Unfortunately for Allison, Steve had bigger worries — and Jane blamed Allison exclusively for her daughter's disappearance — so the former Sheriff of Buckley County was left to deal with her mental anguish alone.
She replayed the scene in her mind a thousand times and each time revised her actions in the scenario. Each time she failed in a different way and the harrowing result was the same: Stephanie was gone.
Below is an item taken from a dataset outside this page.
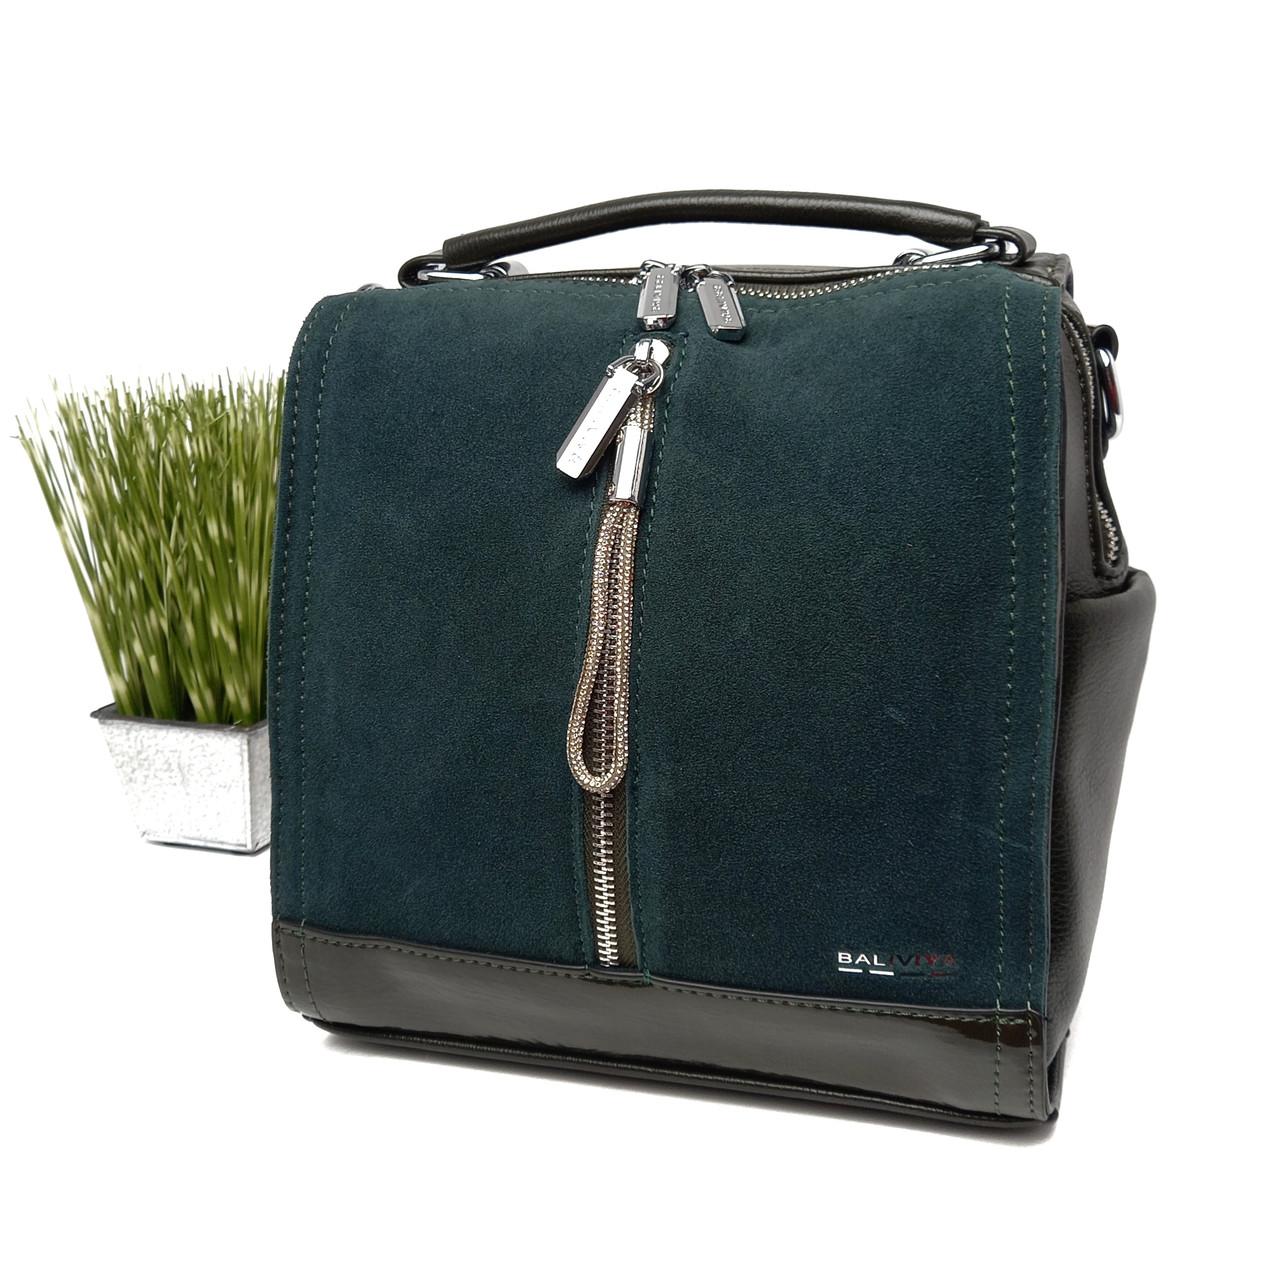 Сумка рюкзак жіноча натуральна замша зелений Арт.21027-1P Baliviya (Китай)

Steve's team in Paris had managed to learn of the plan to kidnap Stephanie during Guillame's vain attempts to bargain for his freedom, but the information didn't reach the proper people until the snatch was completed. Guillame had several cut-outs between him and the deed itself, of course. The man was nothing if not a fanatic about plausible deniability. It took almost two days after Stephanie's kidnapping for word to reach Guillaume's Paris hideaway.
A few well-placed sources at the NSA, thanks to provisions in the Patriot Act, were monitoring as many cell phone and e-mail transmissions from the area surrounding Buckley to any foreign nationals as possible. They were doing their best to track relays from exchanges connected to foreign nationals as well. But with literally hundreds of thousands of daily calls and messages, it took time.
Steve understood the reality of the situation. Gen. Whitley had an extraction team standing by to rescue the girl as soon as her location was determined. The hardest part, the most time-consuming part, was finding out where the girl had been stashed. Steve only hoped the girl wasn't already out of the country.
Trpr. McClung had arranged for almost round-the-clock helicopter surveillance within a hundred mile radius to look for the dark SUV that grabbed the girl. It took only five hours to find the vehicle abandoned on a gas-well road a few miles outside of Buckley. A forensics team found traces of ATV tracks nearby and a canine search-and-rescue team followed the scent to another location two miles away.